Мгновения. Рассказы (сборник) - Юрий Бондарев
Шрифт:
Интервал:
Закладка:
– Тогда скажите, пожалуйста, – тем же тихим голосом продолжала Маша. – Почему сейчас нет в литературе… например, Льва Толстого?
Журавлев притворно расхохотался.
– У нас есть Евтушенко. Кстати, он близок к кино. У него отработанные жесты и театральная манера держаться.
– Нет… я вас серьезно спрашиваю, – повторила Маша и зябко потянула воротник шубки на щеку. – Все-таки, почему сейчас в литературе нет Толстого?
– Потому что слишком много парикмахерских, уважаемая Маша. И много, много кино! И телевизора, этого дьявольского сандвича из пошлости и обмана!
Маша поежилась, закутала горло мехом воротника, повела на Звягина непонимающими глазами. Звягин, все помешивая ложечкой кофе, бодро поймал ее вопросительный взгляд, яркий от волнения, и заговорил вроде бы полушутя:
– Можно ли считать себя правдолюбцем, если прийти гостем в дом матери и ни с того ни с сего сказать ей, что любимый сын ее глуп? Или громко заявить женщине при людях, что у нее порваны чулки? Это значит ходить вокруг людей с видом врача, приставленного к умалишенным. Похоже?
– Господин Звягин быстро, быстро! Встать, парижане, встать, приготовиться к посадке! Машенька, застегнуться на все пуговицы, бойтесь сырости при выходе на аэродром! Мы летим, Григорий Михайлович, коробки с фильмом погружены в самолет – проверила! Туман рассеивается, через пять минут объявят наш рейс!

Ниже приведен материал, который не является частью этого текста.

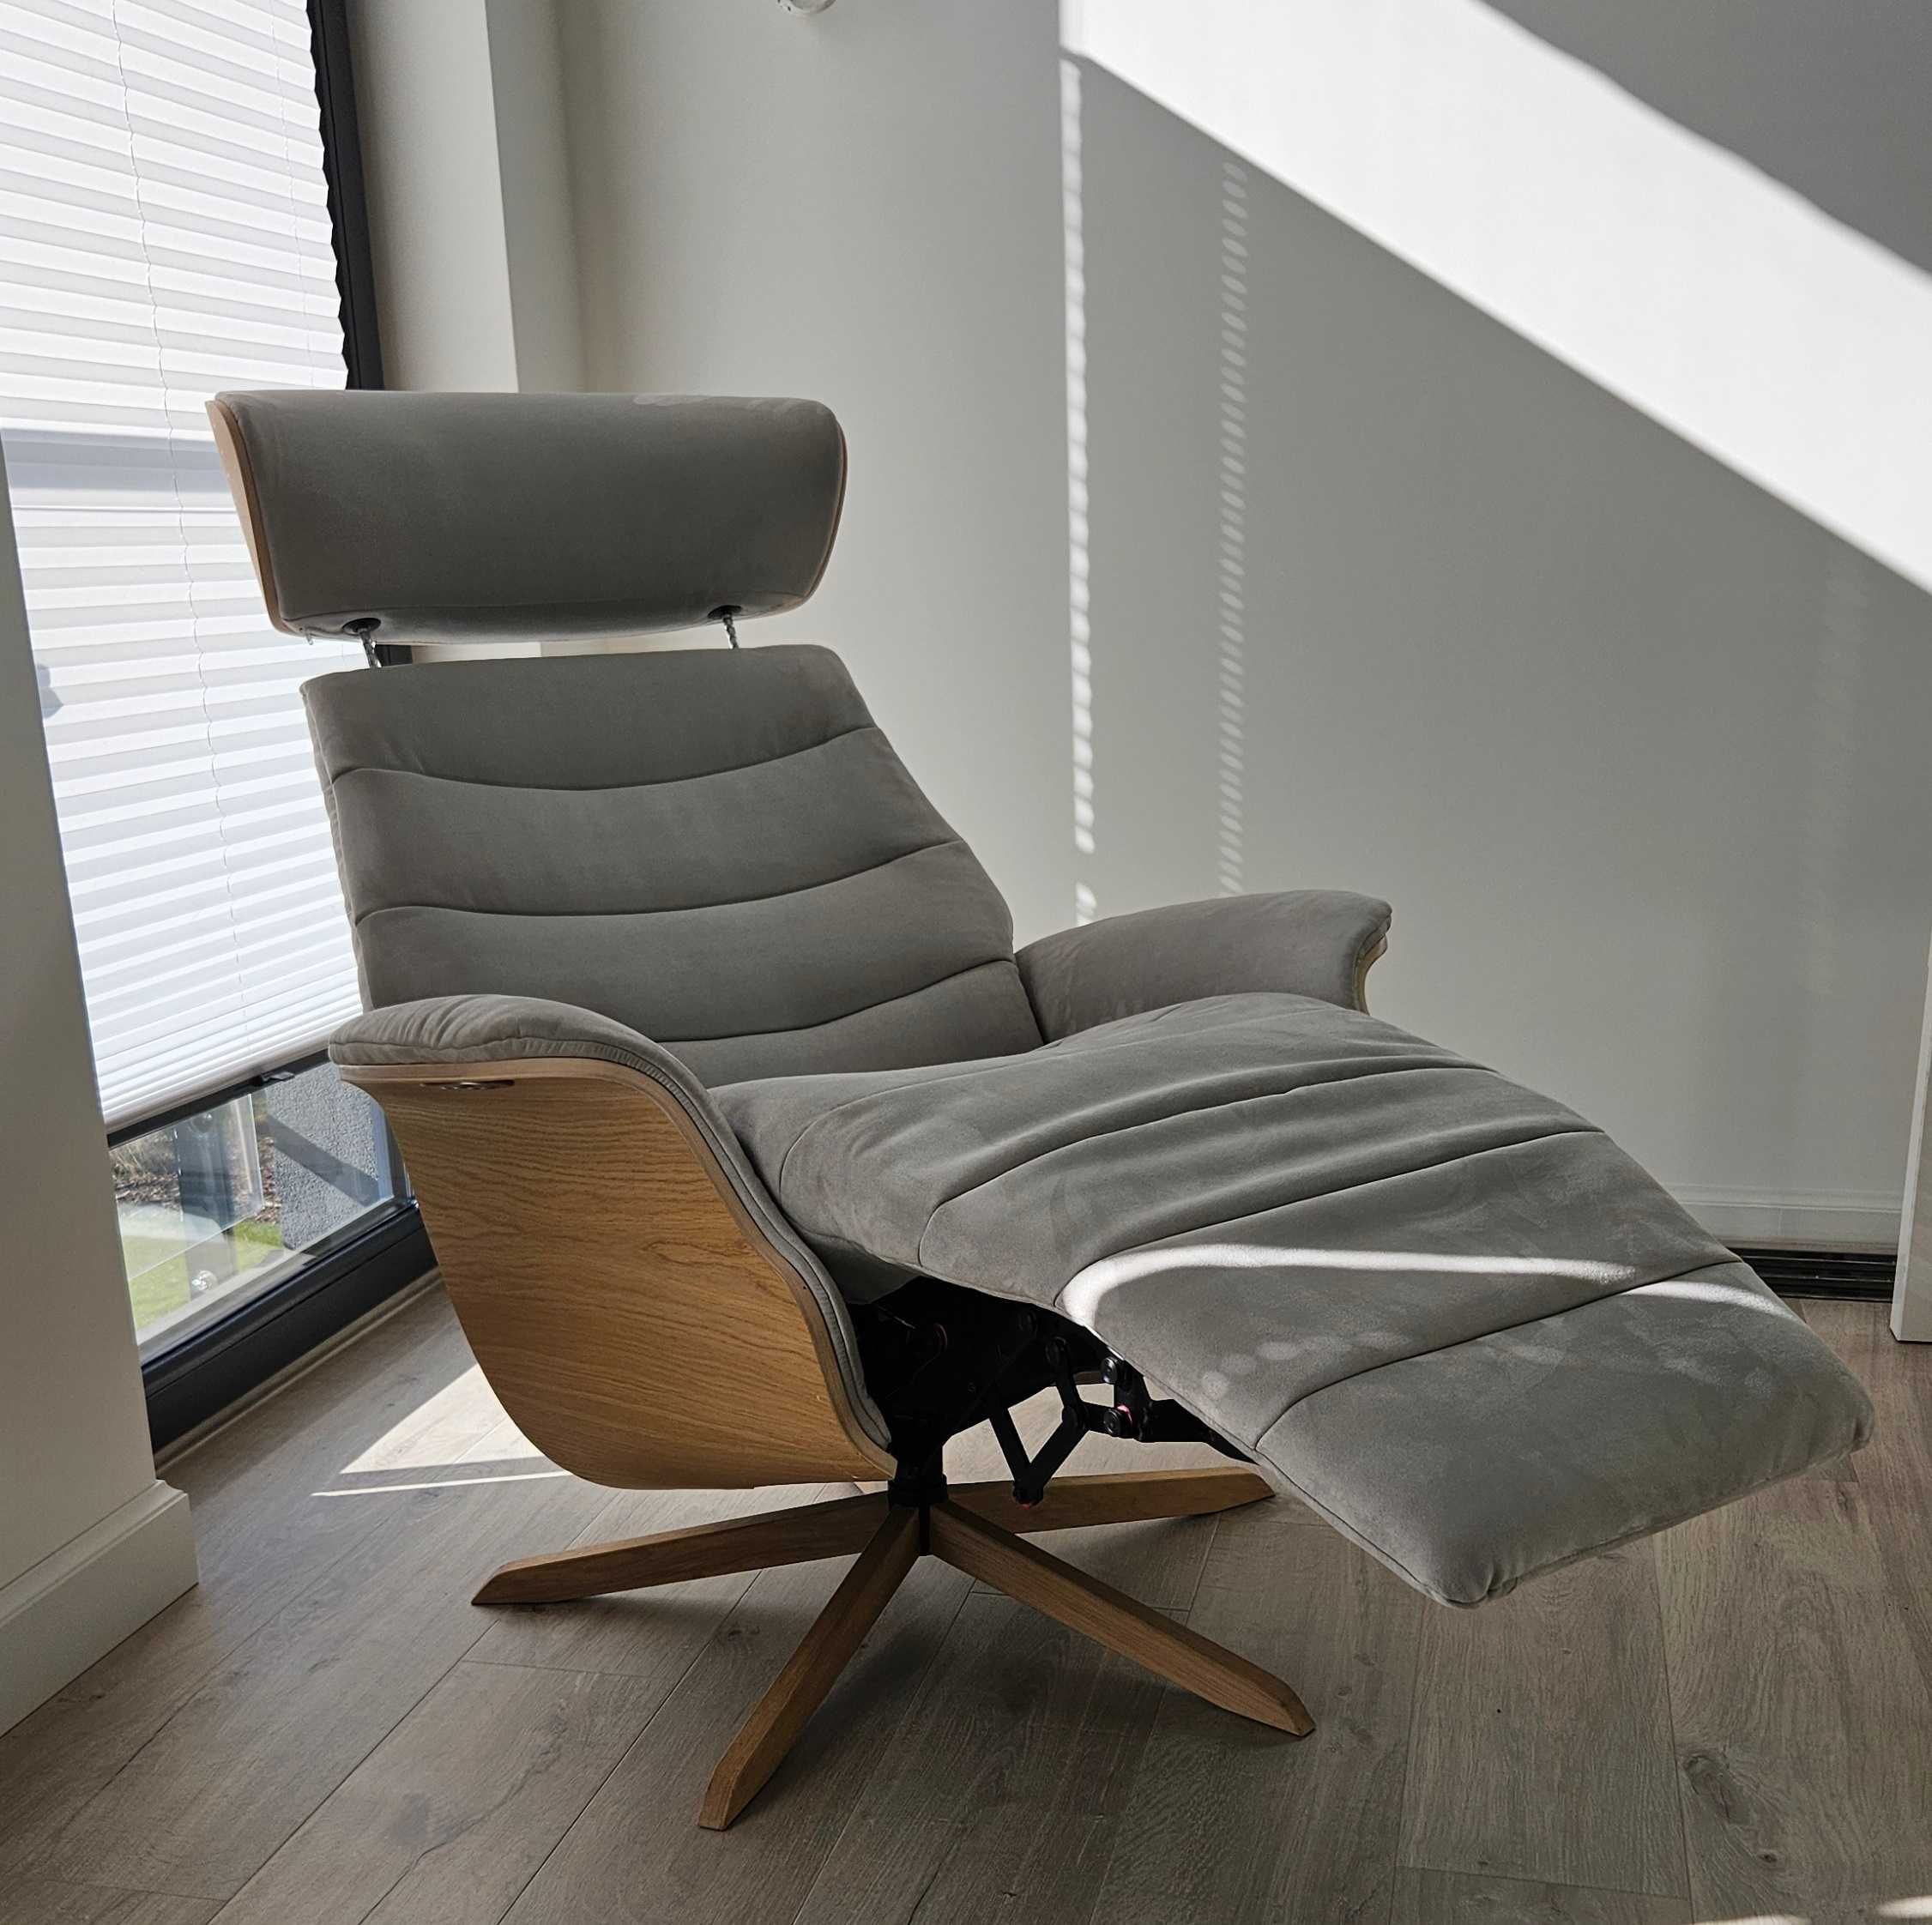 Flexlux fotel wypoczynkowy komfort, rozkładany Top Model Alcantara

Директор группы подошла к столику, запыхавшись, с распаренным от делового возбуждения лицом, в распахнутом по-мужски пальто, и Звягин быстро сказал: «Ну, вот и отлично», – и с облегчением прикоснулся к локтю Маши, она же взволнованно начала застегивать шубку, а когда, прощаясь, я пожал ее руку, эти слабые, мнилось, лишенные жизни пальчики ответили мне. А Журавлев живо поднялся и, сгибая голову в изысканном поклоне, сверхкорректно простился с Машей и Звягиным, после чего сел, заложив ногу за ногу, выказывая прохладное бесстрастие.
Злясь на эту его игру, я пошел проводить Звягина в зал ожидания, и он, перекинув плащ через плечо, как-то обрадованно полуобнял меня, когда мы выходили из бара.
– Простите, Григорий Михайлович, вы мне Машу не представили, а я постеснялся спросить. Она – ваша жена? – спросил я, мучимый любопытством, глядя на раскачивающуюся впереди длинную заячью шубку. – Вы женились?
– Просто ангельский подарок, – проговорил грустно Звягин – Наверное, это покажется вам сентиментальностью, но судьба, воистину послала ее мне… Она училась в Щепкинском. Потом два года тяжко болела. Странно – в наше время туберкулез. Да, я женат на ней. Вы посмотрите ее на экране. Она прекрасна! – Звягин помолчал и, озадаченно хмурясь, оглянулся в сторону бара. – А вообще – что это творится с вашим попутчиком? Почему так въерошился на меня?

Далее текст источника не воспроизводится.